On 4/26/21 6:28 PM, Zebediah Figura (she/her) wrote:
On 4/26/21 5:37 AM, Rémi Bernon wrote:
From: Arkadiusz Hiler ahiler@codeweavers.com
Signed-off-by: Rémi Bernon rbernon@codeweavers.com
In PATCH 1, the return GetLastError() look wrong to me but the same is done in IoGetDeviceProperty so I kept them. I guess we would need to convert the setupapi error back to NTSTATUS, or implement the higher level setupapi on top of these lower level primitives intead.
It's maybe not exactly ideal, but it's also not clear how to map setupapi errors to NTSTATUS, and moreover it probably doesn't matter anyway (we don't expect those functions to fail).
I don't think we can implement setupapi functions on top of ntoskrnl ones; that crosses the kernel boundary (and there's no clear syscall interface for it). Probably on Windows the code is just duplicated.
FWIW, we have a PnP test driver now, so it's actually possible to write tests for this function.
In PATCH 2, I moved the error case before IoInvalidateDeviceRelations, because I don't know what the call is actually expecting. Maybe it was unnecessary.
I think it's correct as-is to move it—as soon as we call IoInvalidateDeviceRelations() the device can be exposed.

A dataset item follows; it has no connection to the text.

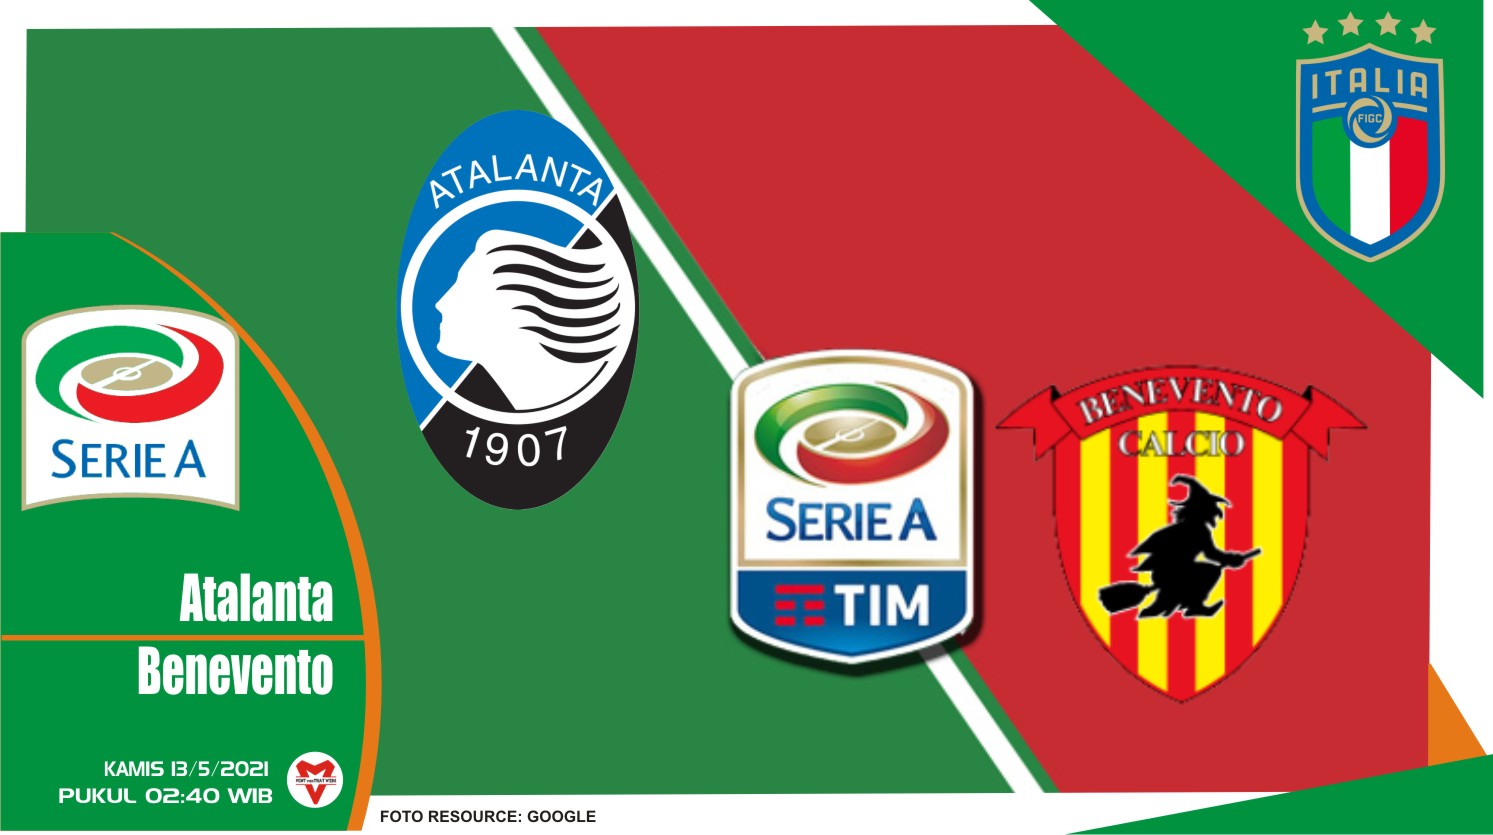 Prediksi Liga Italia: Atalanta vs Benevento - 13 Mei 2021

Actually, to be completely correct (i.e. if we were running this driver in Windows), I think we should treat it as possible to receive IRP_MN_QUERY_DEVICE_RELATIONS at any time. What we probably should be doing is to initialize everything necessary *before* the statement "fdo_ext->u.fdo.child_pdo = child_pdo", and then everything else at IRP_MN_START_DEVICE (on the child PDO).
It's actually causing IoSetDevicePropertyData to fail the first time a device is detected (so on prefix creation for both mouse and keyboard devices), as setupapi doesn't know about it until we call IoInvalidateDeviceRelations.
Note however, although it fails to set the property, as SetupDiDestroyDeviceInfoList clears the last error, it still returns success, and the device initialization continues.
I think it may be better to move it after, as it's less likely that anything happens in between, while missing the property is going to make rawinput device enumeration skip the device. But it's just a workaround.